SZ: Gehen Sie eher intuitiv vor?
Hadid: Für mich ist Intuition nichts anderes als Beobachtungsgabe. So entstehen Erfindungen, glaube ich - nach dem Prinzip von Versuch und Irrtum. Man probiert etwas aus, irrt sich, versucht wieder und wieder und irgendwann hat man etwas Neues geschaffen.
SZ: Gab es je einen Augenblick, in dem Sie keine Idee mehr hatten?
Hadid: Der Druck, bei jedem Wettbewerb etwas Neues zu entwerfen, ist tatsächlich verrückt. Eigentlich braucht man viel Zeit dafür, aber die habe ich nun mal nicht. Also versuche ich immer wieder, ganz von vorne zu beginnen. Es ist wohl genau dieses Element der Unsicherheit, das Gefühl, eine Reise in unbekanntes Territorium anzutreten, weshalb es am Ende immer wieder gelingt.

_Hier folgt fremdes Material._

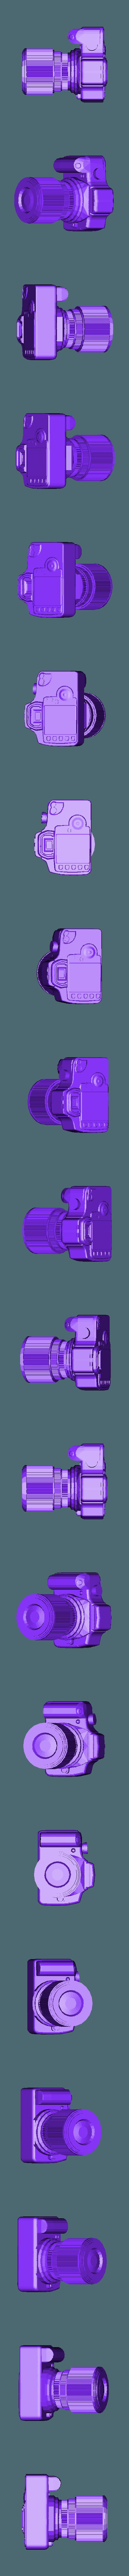 Canon350DbasicbyALX_fixed.stl Download free STL file Canon EOS 350D model • 3D printer template, Aralala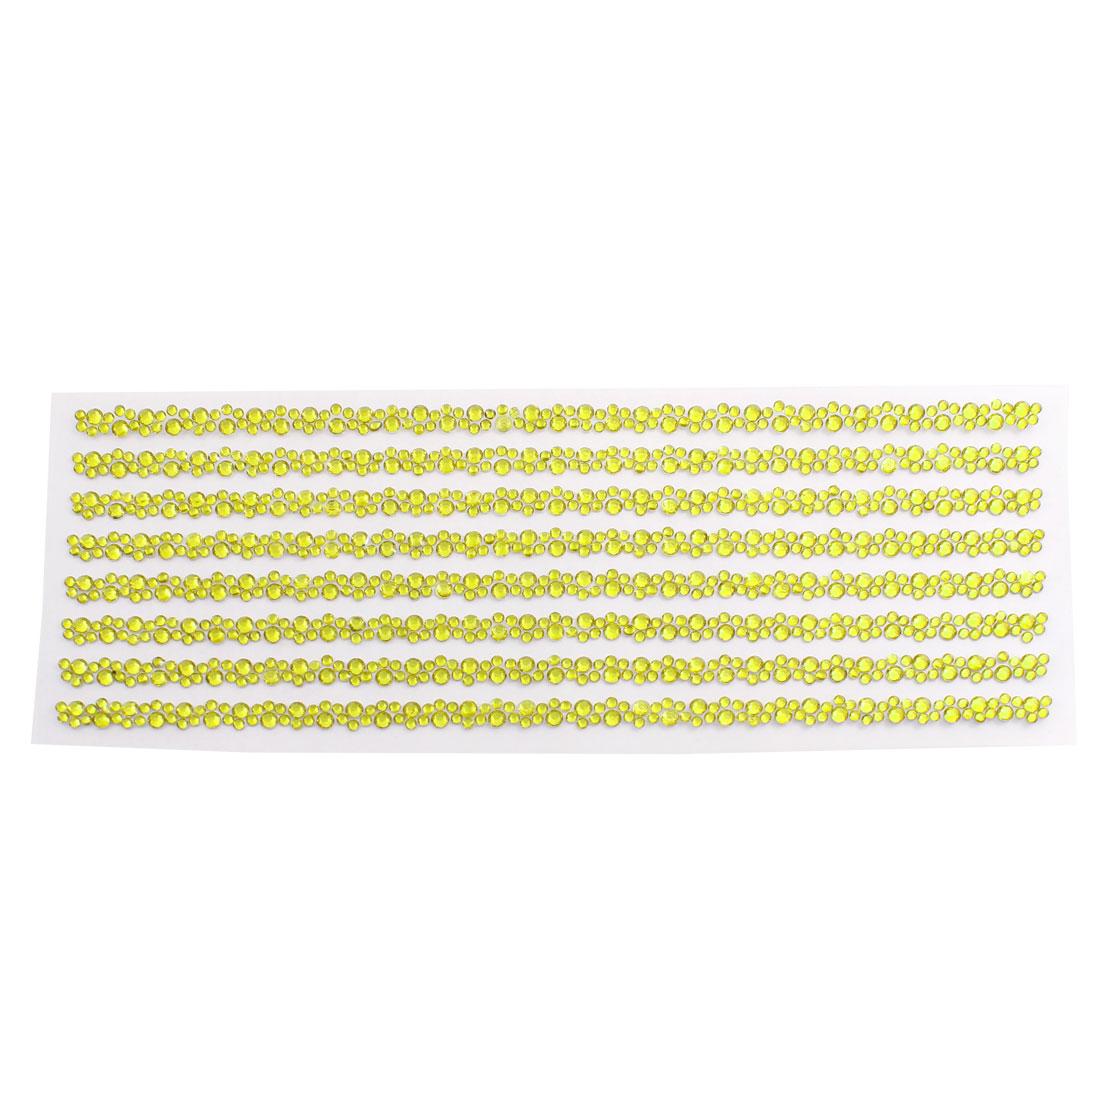 Gold Tone Self Adhesive Crystal Rhinestone Car Decorating DIY Stickers 255mm x 90mm

Zaha Hadid, 59, wurde in Bagdad geboren. Zunächst studierte sie in Beirut Mathematik, dann bis 1977 in London Architektur. Im selben Jahr wurde sie Mitarbeiterin, dann Partnerin des Architekten Rem Koolhaas. Nachdem Hadid 1980 ihr eigenes Büro eröffnet hatte, fiel sie zunächst eher als Gastprofessorin und durch erlesen elegante Entwurfszeichnungen auf. Erst 1993 verwirklichte sie für den Möbelhersteller Vitra ihr erstes Gebäude, eine Feuerwache. Inzwischen entstanden 21 Hadid-Wahrzeichen weltweit, weitere 18 sind bis 2021 in Planung. Zaha Hadid gilt als die kosmopolitischste Architektin des 21. Jahrhunderts; der Palazzo della Ragione in Padua veranstaltet bis zum 1. März 2010 eine Retrospektive und im Taschen Verlag ist gerade eine erste umfassende Publikation über ihr Werk erschienen.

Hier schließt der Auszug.